Brasília — O Governo do Distrito Federal (GDF) reenviou à Câmara Legislativa (CLDF) a proposta de socorro financeiro ao Banco de Brasília (BRB) com uma alteração central: o número de imóveis oferecidos como garantia caiu de 12 para 9, mantendo o valor pretendido do empréstimo em R$ 6,6 bilhões.

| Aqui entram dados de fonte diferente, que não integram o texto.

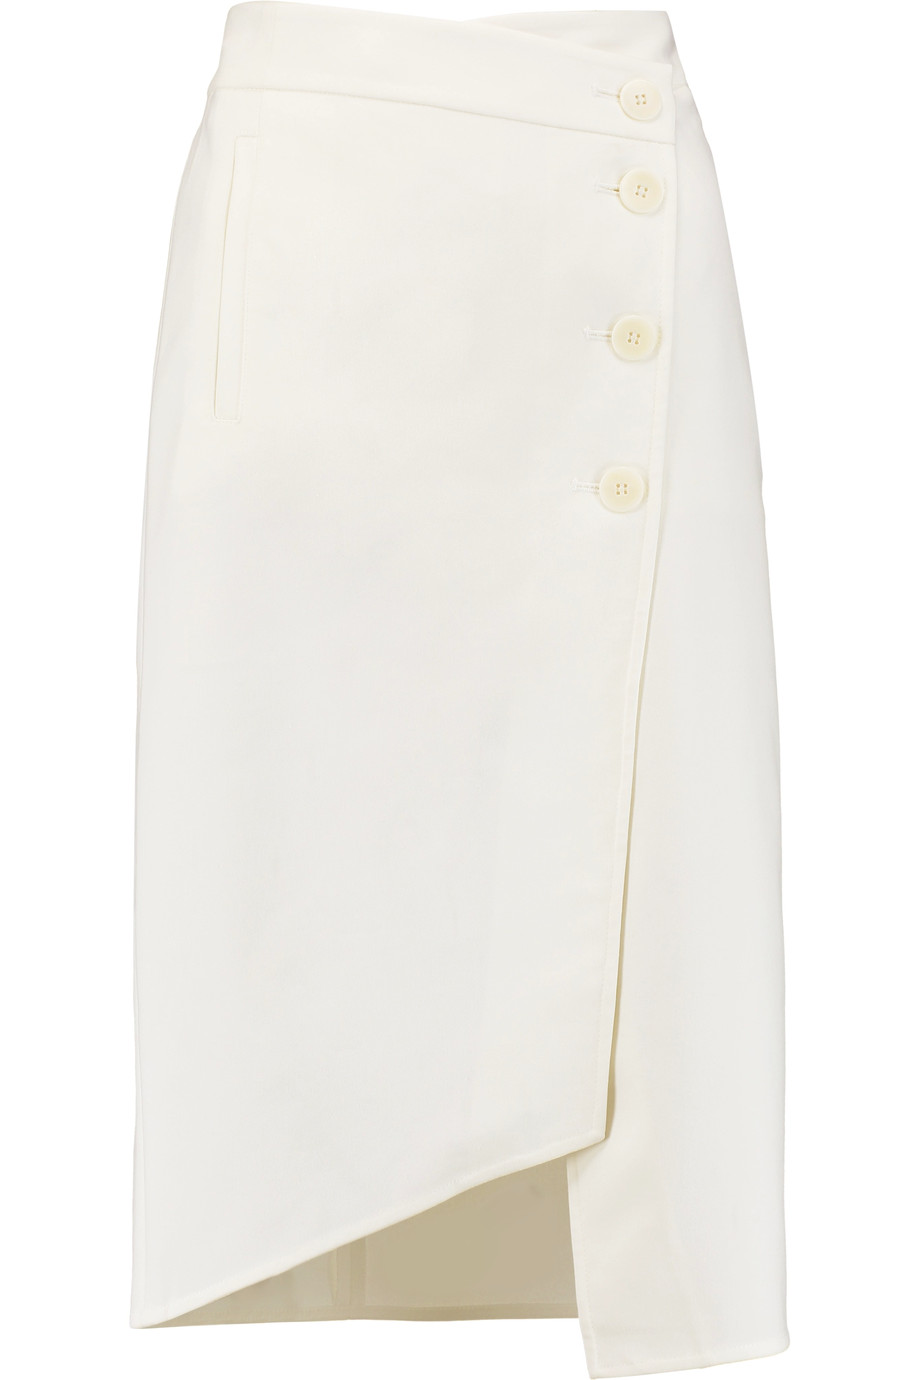 Tibi Anson Asymmetric Cotton-blend Wrap Skirt | ModeSens

A mudança retira da lista áreas como a do Parque do Guará, alvo de críticas por ser zona de proteção ambiental. Segundo o texto, os bens servirão de lastro para captar recursos destinados a reforçar o caixa do banco.
Pressão do Banco Central
O BRB precisa injetar R$ 3 bilhões até o fechamento do próximo balanço, exigência imposta pelo Banco Central (BC) após perdas relacionadas ao escândalo do Banco Master. A instituição já adotou cortes de custos, redução de investimentos em publicidade e revisão de carteiras de crédito.
Tramitação
O projeto tramita em regime de urgência. Embora o governador Ibaneis Rocha (MDB) detenha maioria na CLDF, o presidente da Casa, deputado Wellington Luiz (MDB), declarou que a votação não será “simples”, mas indicou disposição favorável dos parlamentares para viabilizar a recuperação do banco.
Impacto do caso Master
Em setembro passado, o BRB tentou comprar títulos sem lastro vinculados ao Banco Master, operação que gerou a investigação batizada de Compliance Zero. O diretor de Fiscalização do BC, Ailton Aquino, estima que o prejuízo potencial chegue a R$ 5 bilhões. A autarquia também cobra elevação do patrimônio líquido do banco, após apontar R$ 12 bilhões em irregularidades na compra dos chamados “títulos podres”.
GDF e BRB não comentaram a atualização da proposta até o fechamento desta edição.